# B1/B2 visa



## Leo the Lion 🦁 (5 mo ago)

Hi everyone !
I am new comer on this forum.
I wanna some guess or info or something on your experience base.
I have visited Saudi Arabia in 2018, Japan & Qatar in 2019,EU Paris ,Germany ,Prague Vienna in 2022.
But before all these visits I have been refused by US visit visa thrice .
Now I think I have good travel history .
Now I wanna visit USA 🇺🇸,what are chances of getting a visit visa of USA ?please guide me should I apply ?


----------



## Moulard (Feb 3, 2017)

It will depend in part on the reason why your visa was refused..

If it was refused because you "Did not establish eligibility for the visa category being applied for or overcome the presumption of being an intending immigrant" under INA section 214(b) then it is likely that evidence of changes to your circumstance, and the good travel history will help, but the three refusals will definitely mean your application will face more scrutiny than it might otherwise.

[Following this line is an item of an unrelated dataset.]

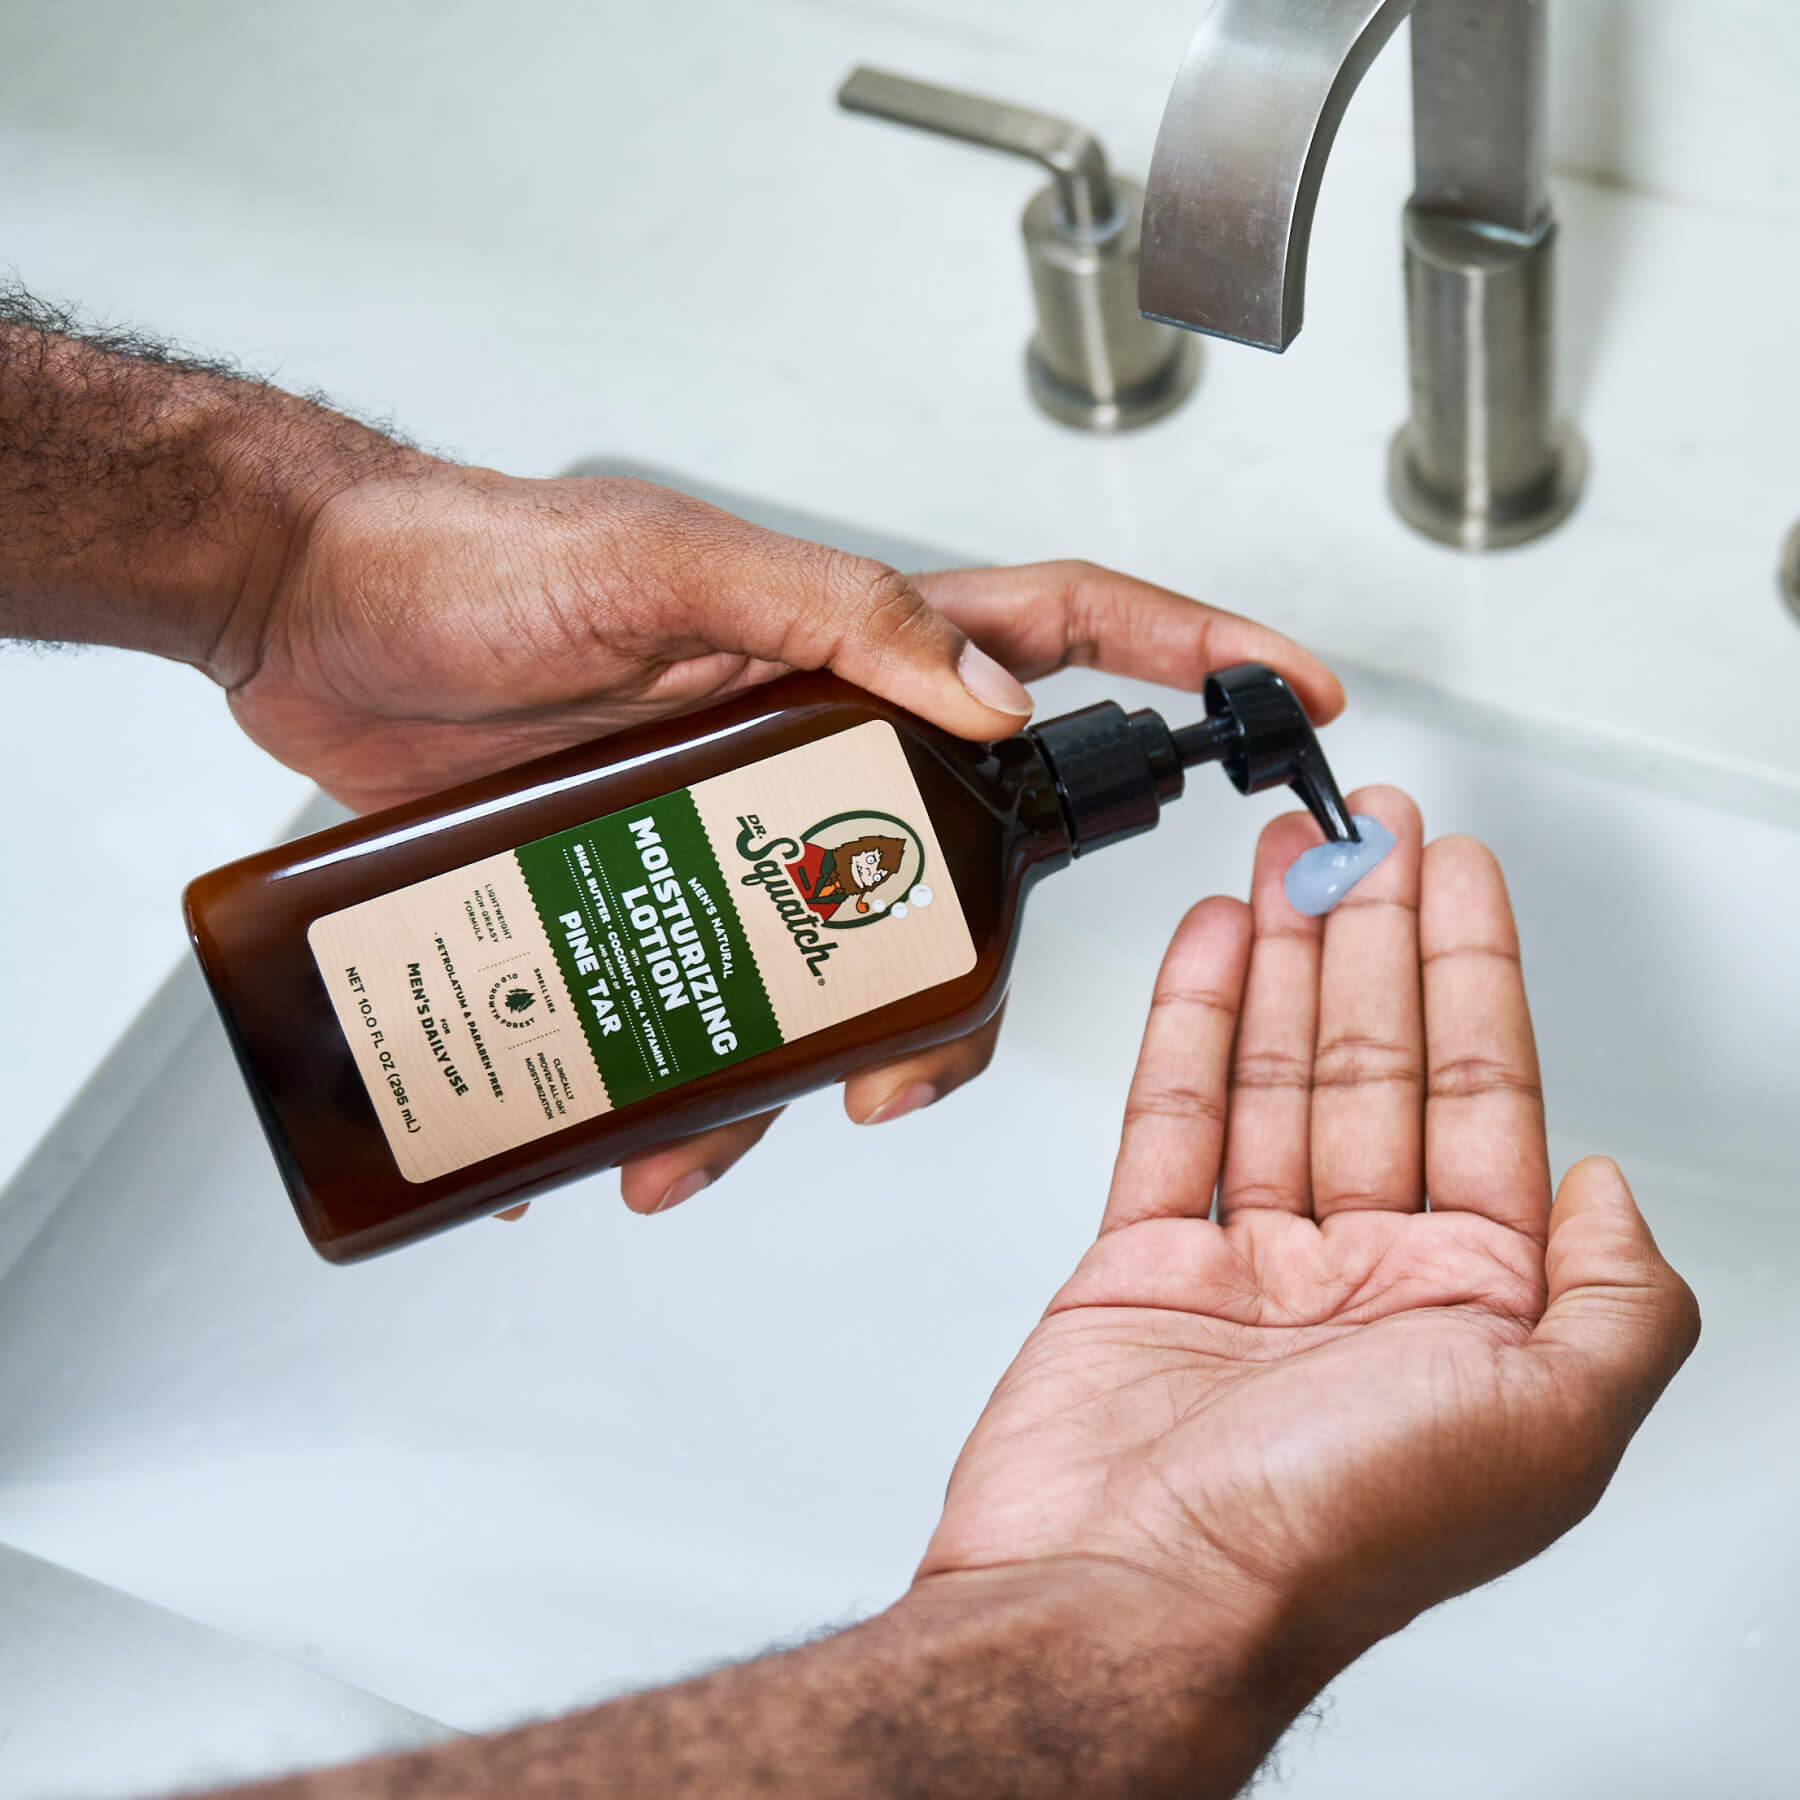 Dr. Squatch Men's Natural Lotion Non-Greasy - 24-hour moisturization hand  and body lotion - Made with Shea Butter, Coconut Oil, Vitamin E, & Menthyl

The most common reason a visitor visa is refused is because of the presumption of immigrant intent. So you will need to be able to overcome that. Given you mention a B1/B2 I assume that you are looking for a business visa (B1/B2) not just a visitor visa (B2). Make sure that you provide details of 

The purpose of your trip,(ie business itinerary)
Your intent to depart the United States after your trip, and/or (including outbound ticket details)
Your ability to pay all costs of the trip. 
Given the history of refusals, i would include details of your travel history, and perhaps letters from employer stating that they expect you to return to work at the end of the business trip and maybe similar from friends and /or family


----------